Ole,
        I had not considered the case where value classes ( return or parameters)
used by an interface do not exist on the client.  Thanks for pointing that
out.  I believe that your approach of adding the interface JAR to the
manifest classpath in the implemetation JAR will work as well.
If you follow that approach, you could have a separate directory for all
interface JARs;
the implementation JAR would contain only the EJB implemetation classes, and
all interface and value
classes would reside in the interface JAR.  Nice.
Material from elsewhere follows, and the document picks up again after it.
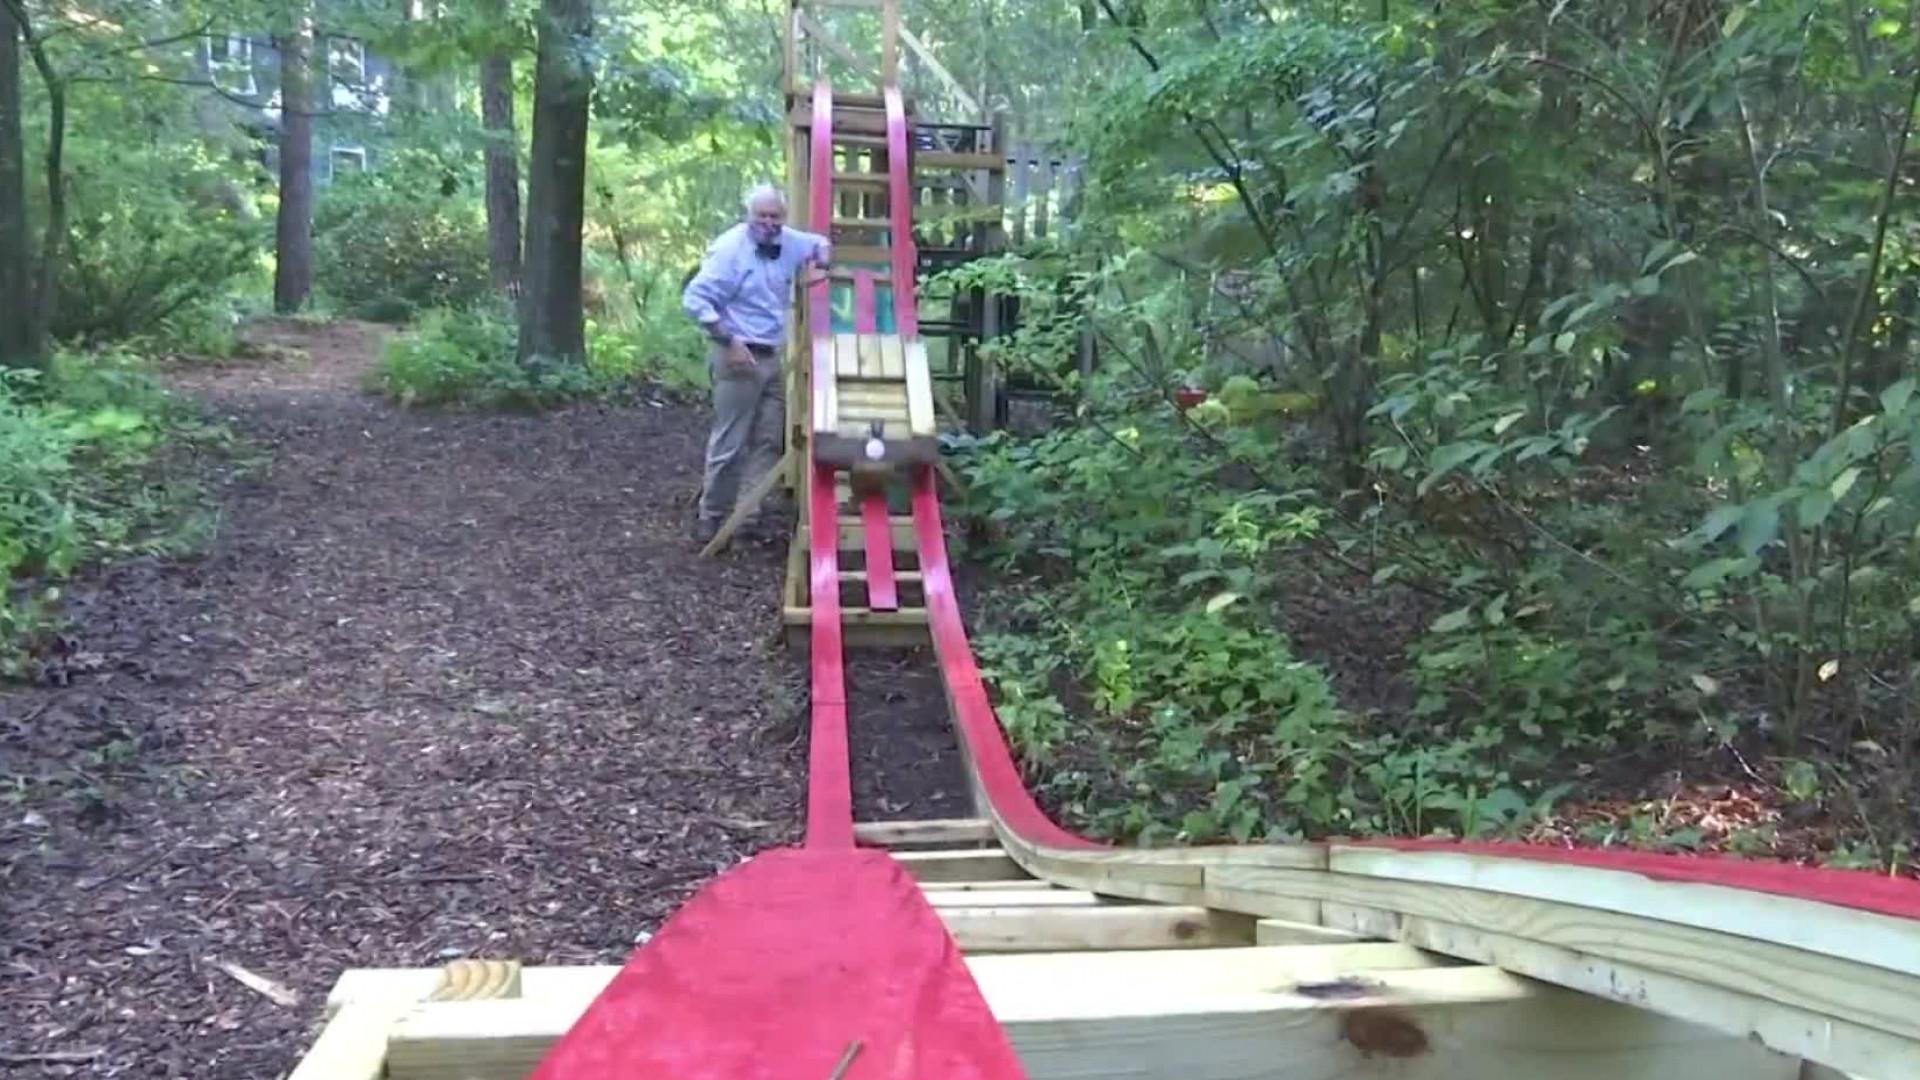 A grandfather and grandson build a roller coaster in their Rhode Island backyard (WJAR Photo)

David, regarding the approach you outlined below:

>> That said, there is a way to do it relatively painlessly.  Suppose you
have
>> classes A and B as above.  Instead of putting main() in A, put main in
some
>> 3rd class C.  Then load A dynamically with URLClassLoader, and instaniate
it
>> using reflection.  B will then be loaded by the same classloader and
>> everyone is happy.  This is just what Jboss does, right?  It creates a
>> classloader that sees your ejb jar.  Then it instantiates the ejb class
in
>> classloader, and the rest of the classes are brought along
>> automatically.  Again, dynamic classloading is appropriate here BECAUSE
>> jboss doesnt know what classes it will be dealing with.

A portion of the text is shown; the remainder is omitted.